Saat Erlangga menang Rp300 juta, misalnya, ia tahu kalau sebenarnya bisa digunakan untuk membayar sewa rumah selama dua sampai tiga tahun dan hidup tenang.

"Yang terjadi, saya pakai untuk beli gadget, sisanya saya deposit untuk main lagi."

"Jadi kalau kalah, dia [si penjudi] akan berusaha membalas kekalahan dan kalau menang, dia akan merasa kurang."

"Menurut saya, [teori] untuk berhenti kalau sudah menang itu omong kosonglah, enggak ada itu."  Korban atau pelaku?

Pertengahan Juni lalu, Menteri Koordinator Bidang Pembangunan Manusia dan Kebudayaan, Muhadjir Effendy, mengatakan pihaknya sudah mendaftarkan nama-nama korban judi online yang hidup miskin ke dalam Data Terpadu Kesejahteraan Sosial sebagai penerima bantuan sosial dari negara.

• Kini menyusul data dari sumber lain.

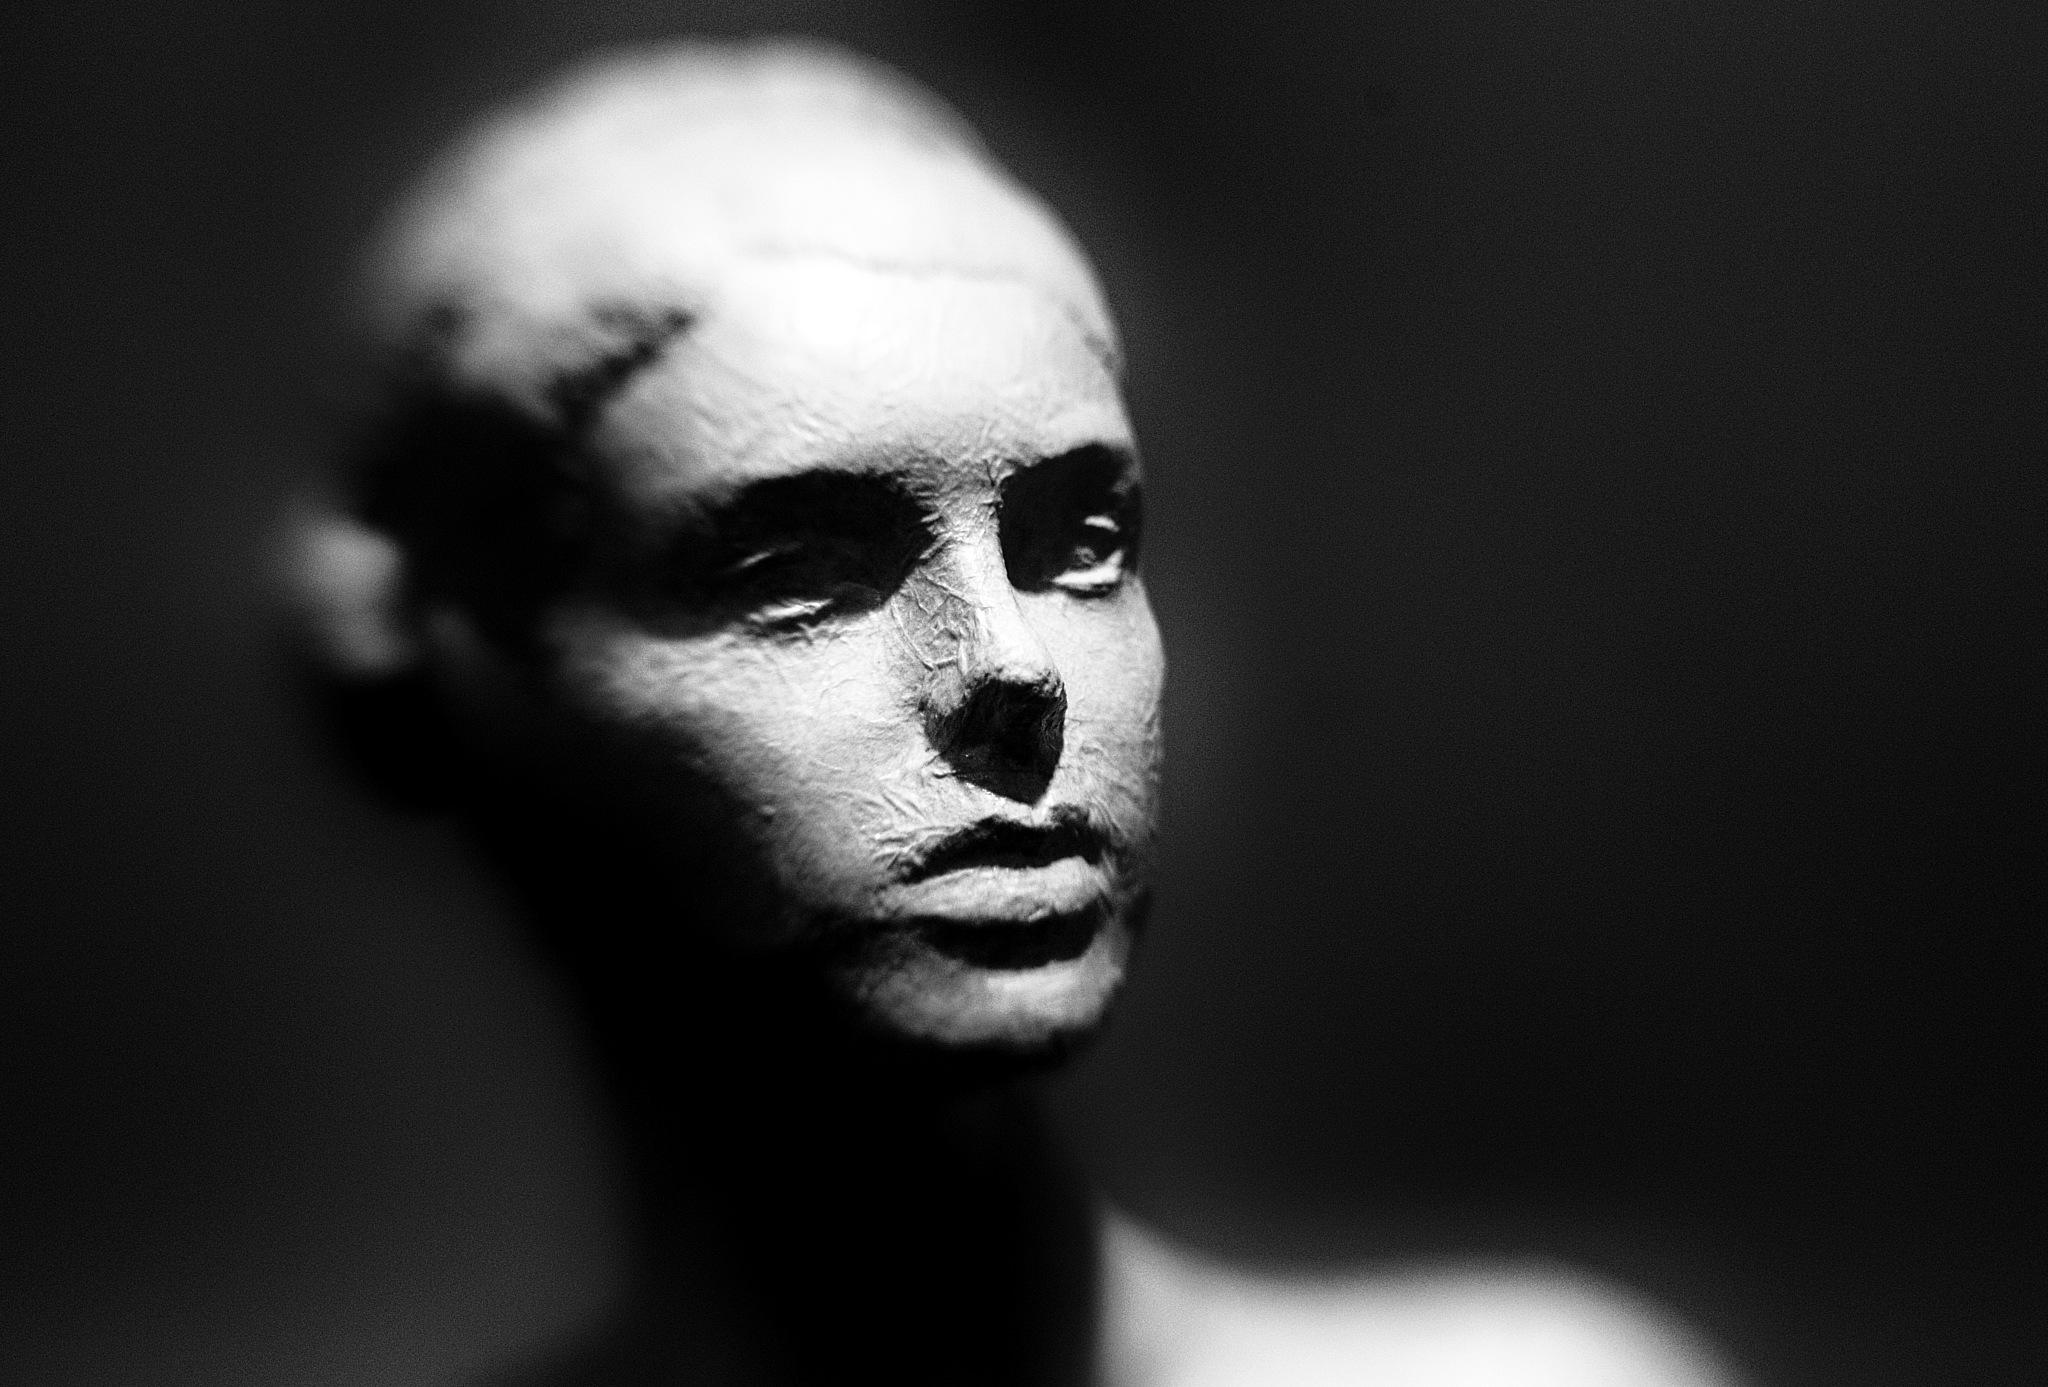 the unknown by Sasho Alushevski
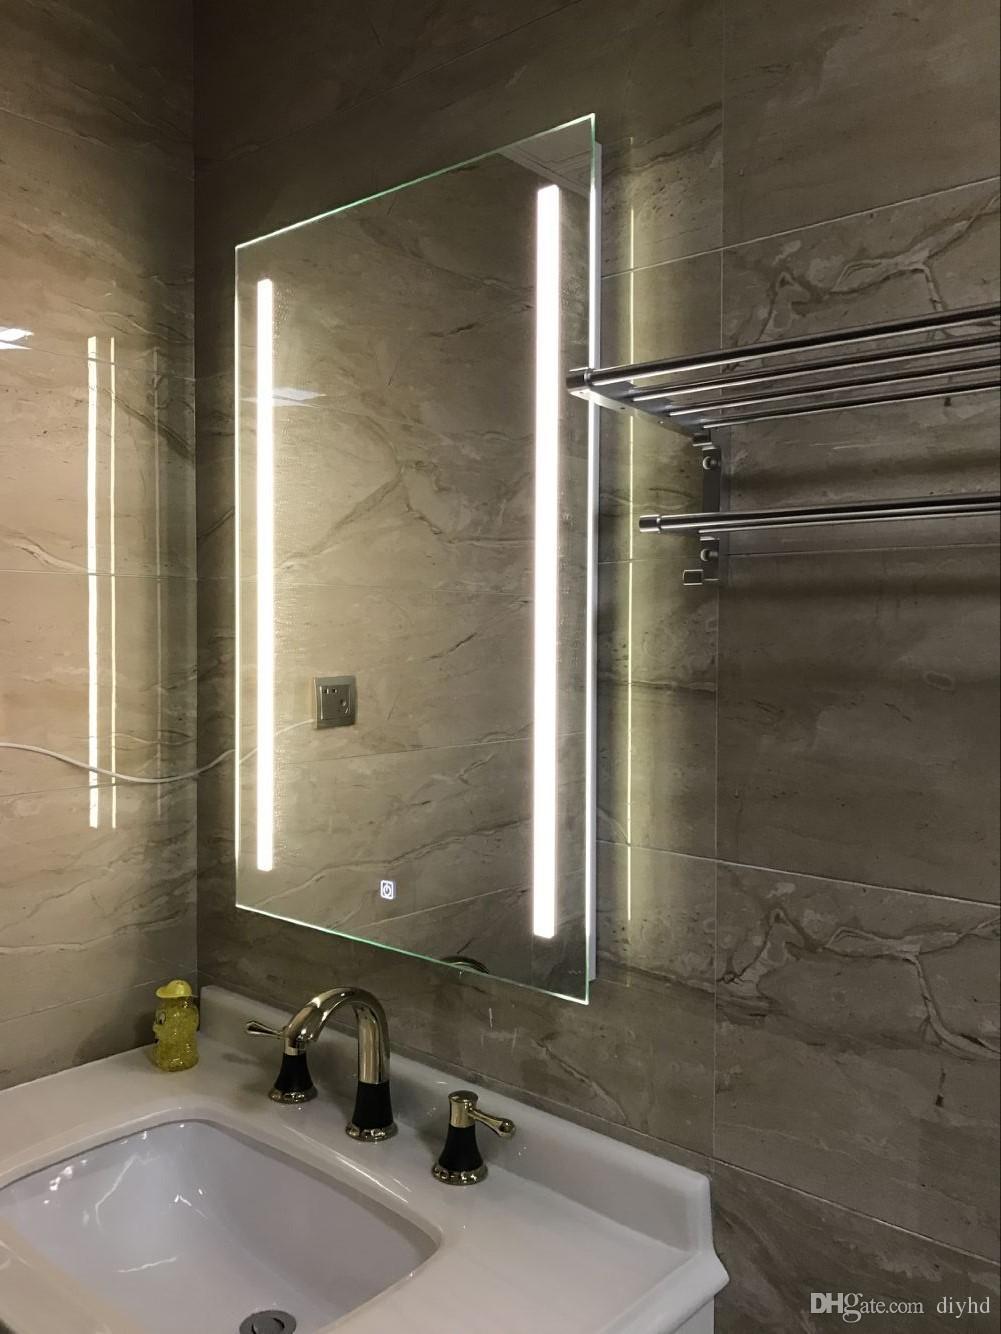 Espejos Retroiluminados Baño | Compre Diyhd Montaje En Pared Led Retroiluminado Iluminado Espejo De

Muhadjir juga mengakui ada dampak ekstrem lain dari judi online, yakni gangguan kejiwaan. 

Pernyataan Muhadjir menuai pro dan kontra dari berbagai lapisan masyarakat. 

"Kami tolak inisiasi dari Pak Muhadjir Effendy untuk memberikan bansos kepada para pelaku judi online ini. Mereka bukan korban, mereka adalah pelaku dan ini adalah tindakan pidana," tutur Anggota Komisi VIII DPR Wisnu Wijaya Adiputra. 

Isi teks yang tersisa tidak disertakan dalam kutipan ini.